Opinion
Case No. 04-21637-TLM.
August 9, 2006
SUMMARY ORDER
On February 17, 2005, Bank One, NA ("Creditor") filed a motion for relief from the § 362(a) stay. Doc. No. 19. That matter was resolved by a Stipulation filed March 11, 2005 (Doc. No. 23), on which an Order was entered the same date (Doc. No. 25). The Stipulation contained a "drop dead" provision providing for stay relief in the event of default and lack of cure following notice.
On July 19, 2005, Creditor filed a notice of default (Doc. No. 26) and on August 17, 2005, an "amended" notice of default (Doc. No. 29). Debtor objected to the same on August 31, 2005 (Doc. No. 30), asserting that all the questioned payments had in fact been made and providing receipts therefore.
Nothing happened thereafter. Neither Creditor nor Debtor took steps to resolve the matter that was outstanding on the record. A year later, Creditor lodged a proposed order. The Court hereby refuses to enter it.
First, the proposed order is nothing more than a "form" document that purports to grant relief from stay based on the February, 2005 motion and the lack of opposition within 20 days ( i.e., a reference to practice under the Court's Local Bankruptcy Rule 4001.2). The proposed order is not only an inapt form document, it does not acknowledge the actual record in this case — the February, 2005 motion was already resolved by the Court's Order, Doc. No. 25.
Second, the proposed order does not address in any regard the status of Debtor's performance under the Stipulation, the existence of any uncured default or, in fact, any of the prior pleadings of record.
Third, the order is tendered some 11 months after the allegedly triggering (and contested) default, reflecting a lack of reasonable diligence and prosecution.
Fourth, the Court's file shows that the chapter 13 plan remains in place and, apparently, is being performed. Given the year-long passage of time since the alleged default (is the Court to believe that there has not been any change whatsoever in any material fact over such a period?) and given the Trustee's position on Debtor's compliance with the confirmed plan, the Court cannot confidently enter any order based on the alleged July and August, 2005, defaults. And, if the order is tendered based on some other default allegedly occurring sometime between then and now, entry of an order would be improper because there has been no filing explaining the default relied upon and no proof of compliance with the notice-of-default provisions of the Stipulation that resolved the initial stay relief motion.

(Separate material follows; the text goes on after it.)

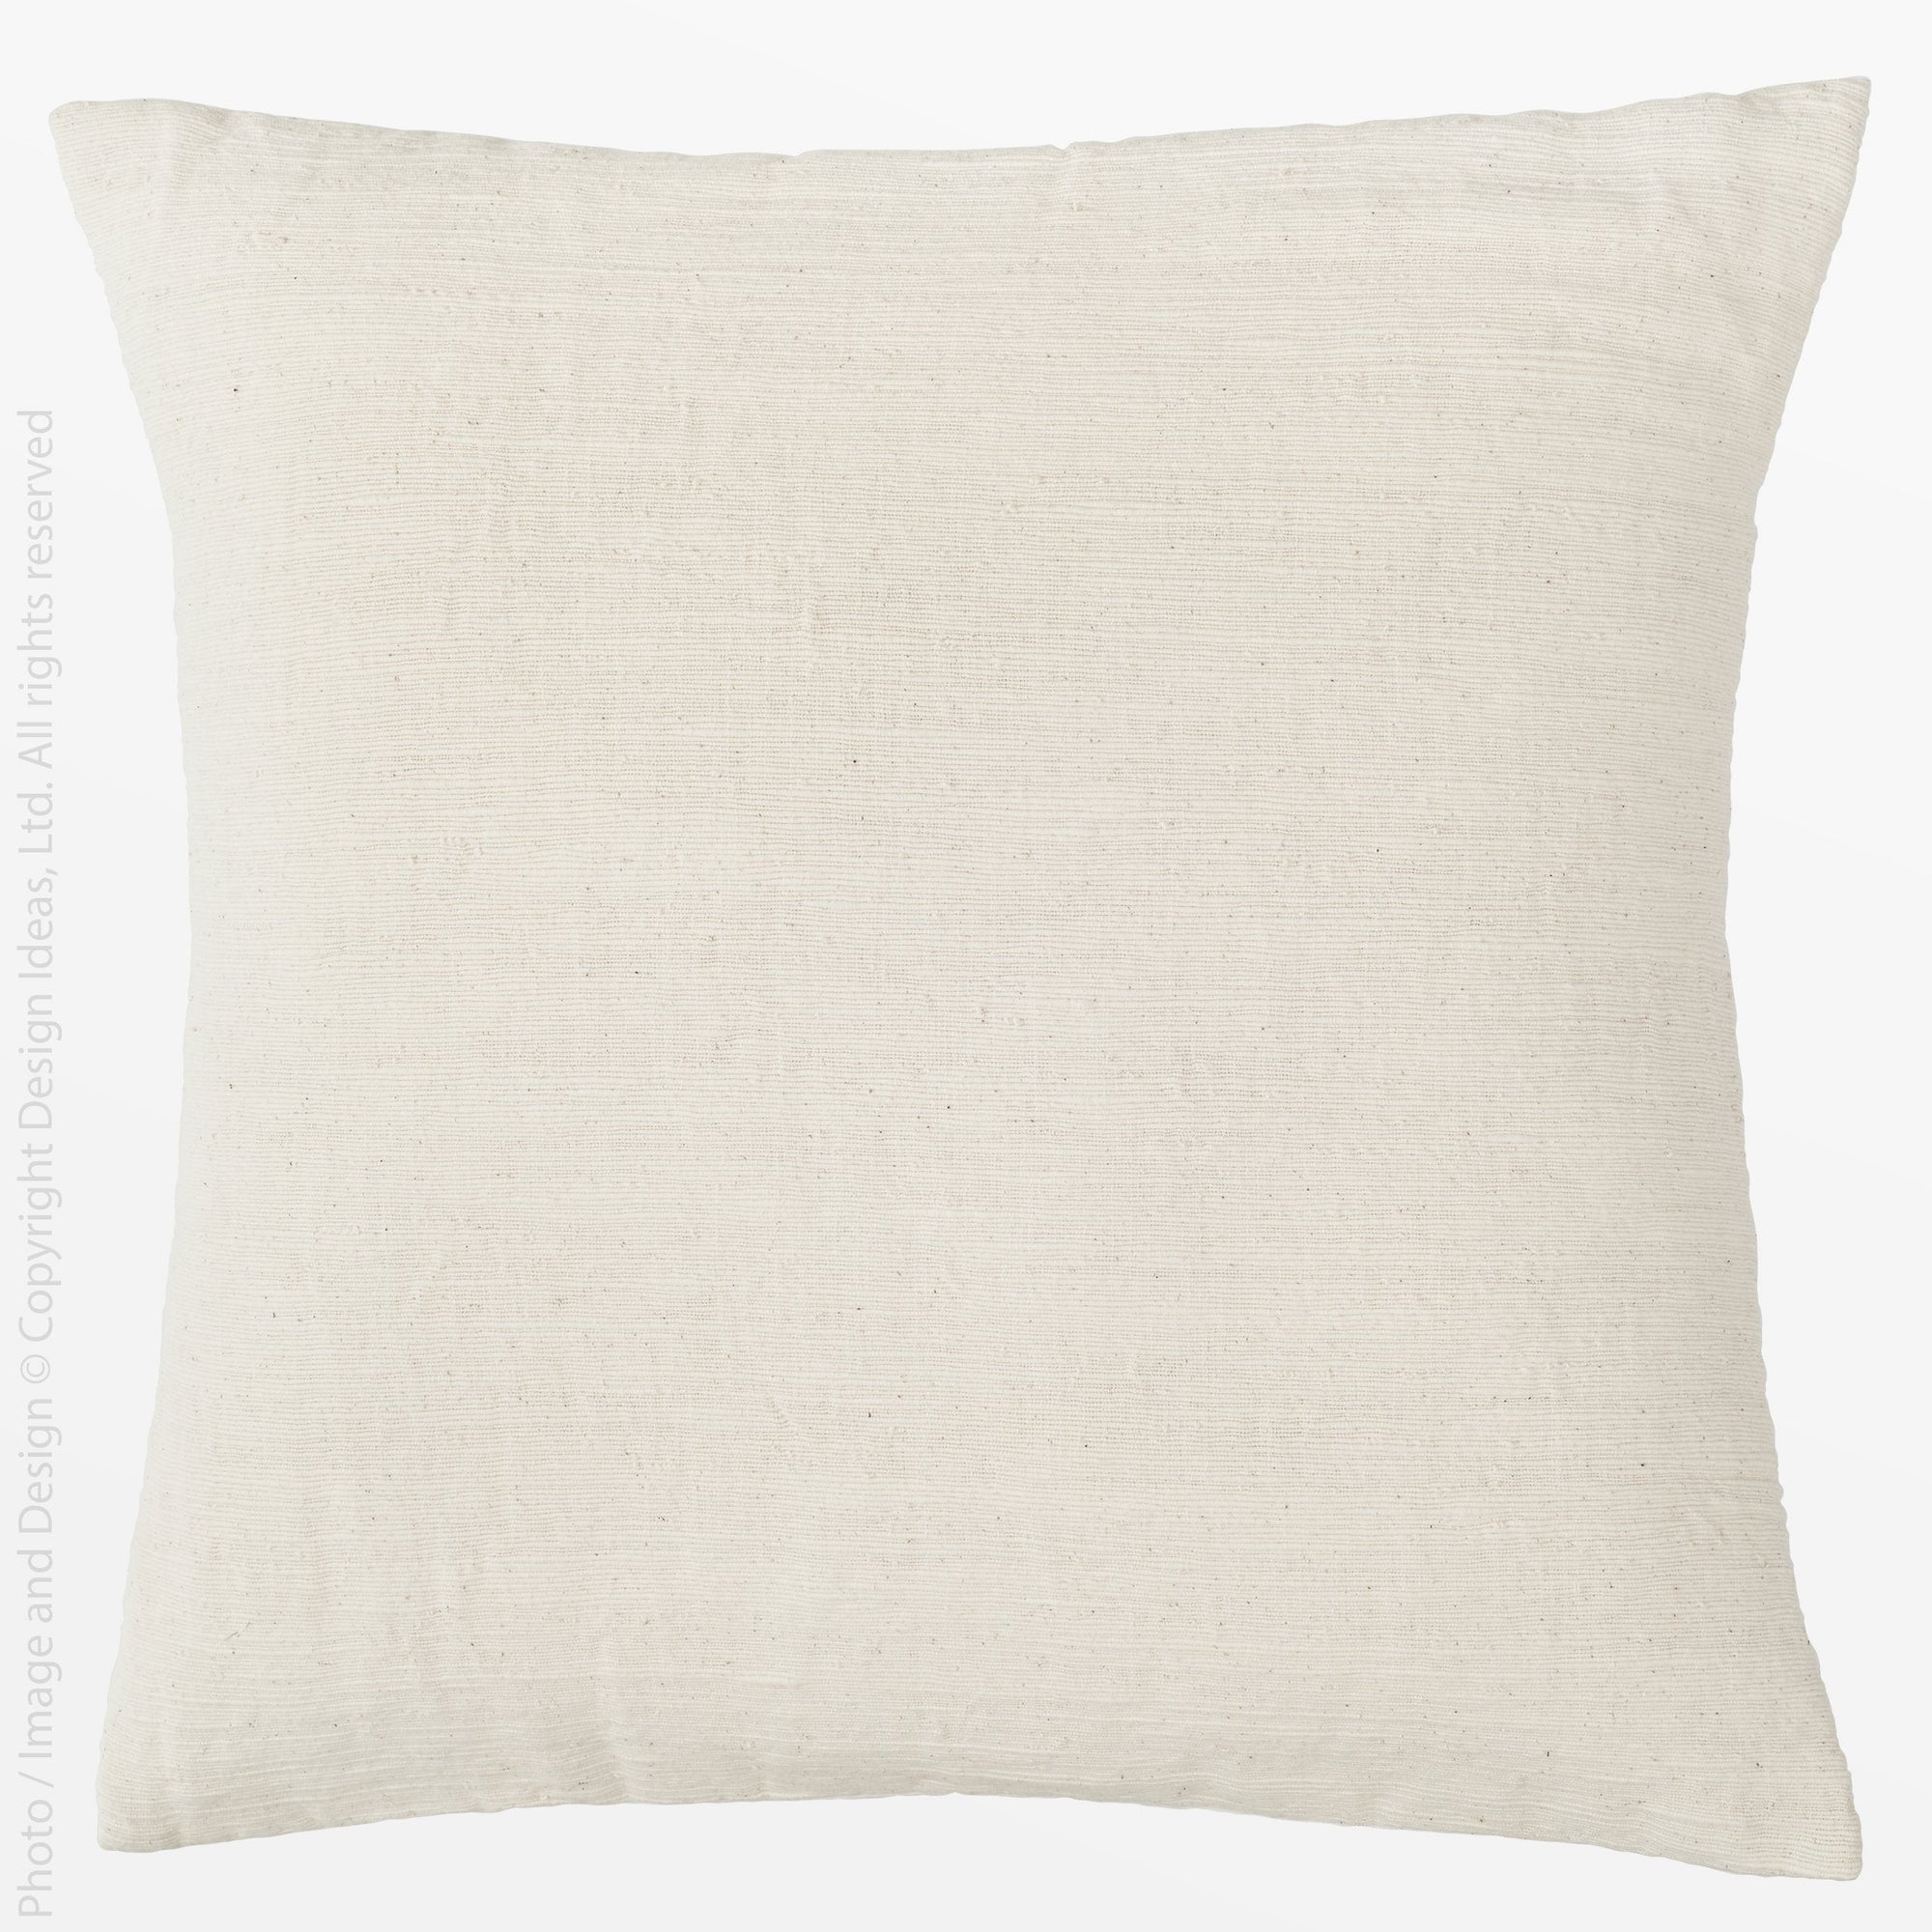 Capri Woven Cotton Cushion Cover (Small) - Natural Color | Image 1 | From the Capri Collection | Skillfully Woven with natural cotton for long lasting use | Available in natural color | texxture home

Trustee has so advised the Court, and he has indicated that his outstanding motions to dismiss, Doc. Nos. 31 and 32, are no longer being urged. The Court accepts those informal submissions, for purposes of addressing the instant order, but notes that Trustee should not allow his dismissal motions to simply languish on the record without being advanced or withdrawn. Given his current position, Trustee should promptly withdraw both motions.
Fifth, there is no indication that Creditor advised Debtor that it was submitting in the summer of 2006 a proposed order on the one-year old, almost certainly stale, and expressly contested default notice. Under the circumstances, this raises questions of adequate notice and due process.
For the foregoing reasons, Creditor's request for entry of its tendered order terminating the stay is not adequately supported. The request is DENIED.